Here are a few things you need to have in place to qualify:
Good Credit, Good Credit, Good Credit!
Having a good credit score is essential to get approved for an auto loan. Lenders usually follow the FICO® Score. A good score generally falls in the range of 670 to 739, but the higher your score is, the better your chances are of getting approved.
Lenders may approve your auto loan application even if you have a less-than-ideal score. Although, that may mean a higher rate of interest and the need for a co-signer. Lenders who specialize in working with applicants with bad credit scores usually give more expensive loans. Check your credit score before you apply.
A Stable Source of Income
Having a steady income proves to lenders that you are capable of meeting your monthly payments on time. Depending on the lender’s requirements and your employment status, you will have to provide one or more documents along with your application. Speak with the lender at an early stage and find out what documents you will need later on.
Identity and Residence Proof
You might not need to provide these documents if you plan on getting a loan from a bank where you already have an account. But if you are approaching a lender for the first time, you will be required to provide a government-issued ID and proof of residence.
A Pre-Approved Loan
If you aren’t sure about your eligibility, ask the lender to put you through the preapproval process.
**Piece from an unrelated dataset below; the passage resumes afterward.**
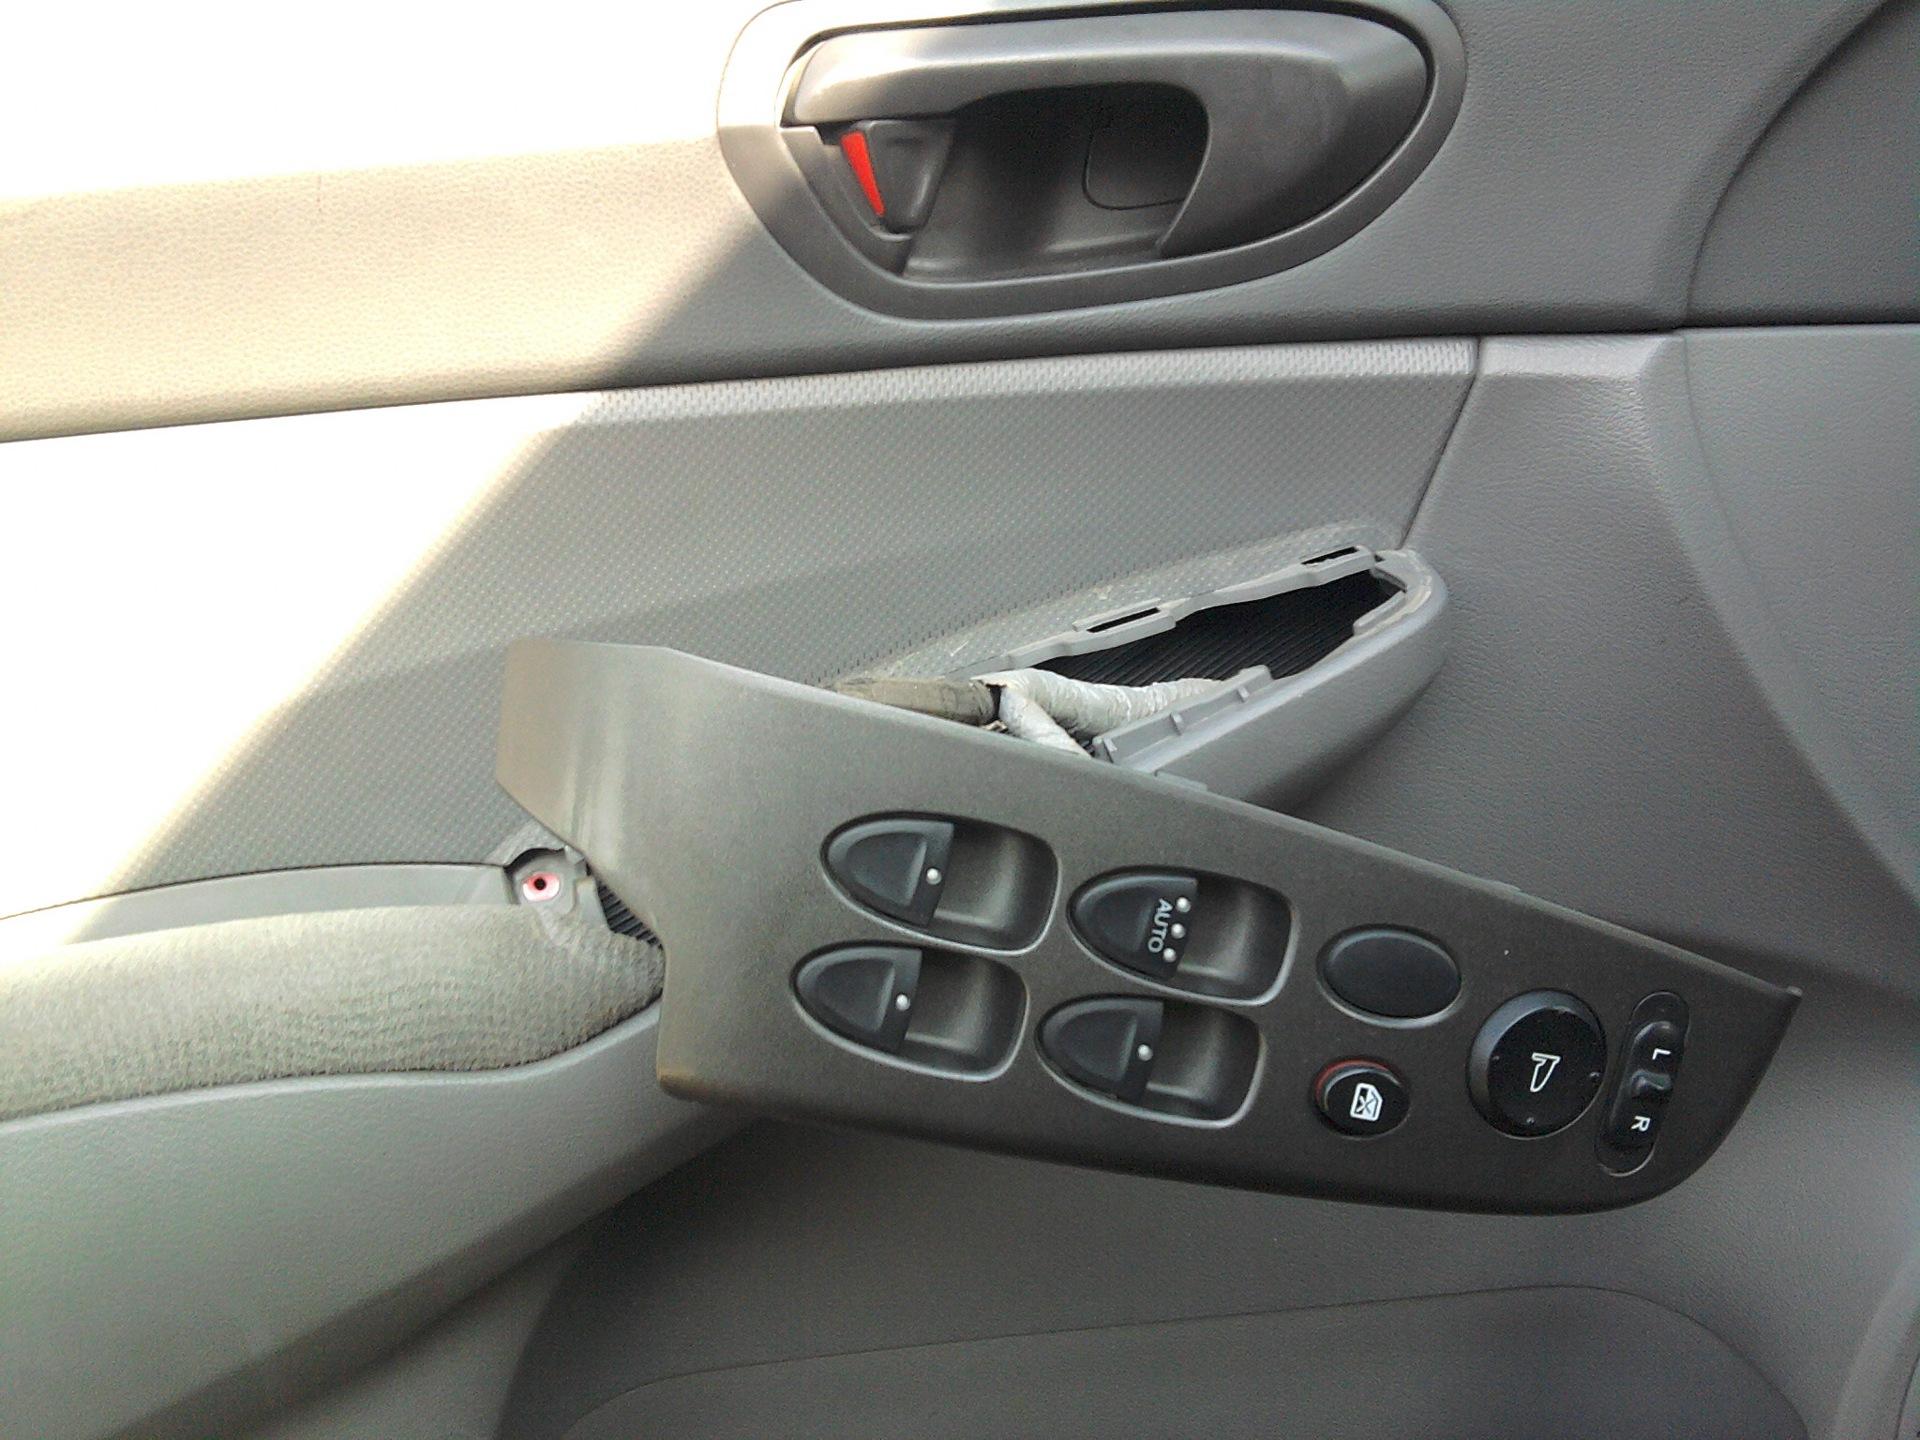 Снятие стеклоподъемника передней двери Хонда Цивик 2005 - 2011

This allows them to run a soft background and credit check, review your credit report and give you a fair idea about your chances of getting approved. It can also help you understand what kind of interest rates you can expect. If you don’t pass the preapproval process, you can save up on time and work on fixing your credit score.
Trade-In or Down Payment
Trading in your current vehicle or making a down payment can bring down your loan amount significantly, making it easier to get approved and gives you a lower interest rate.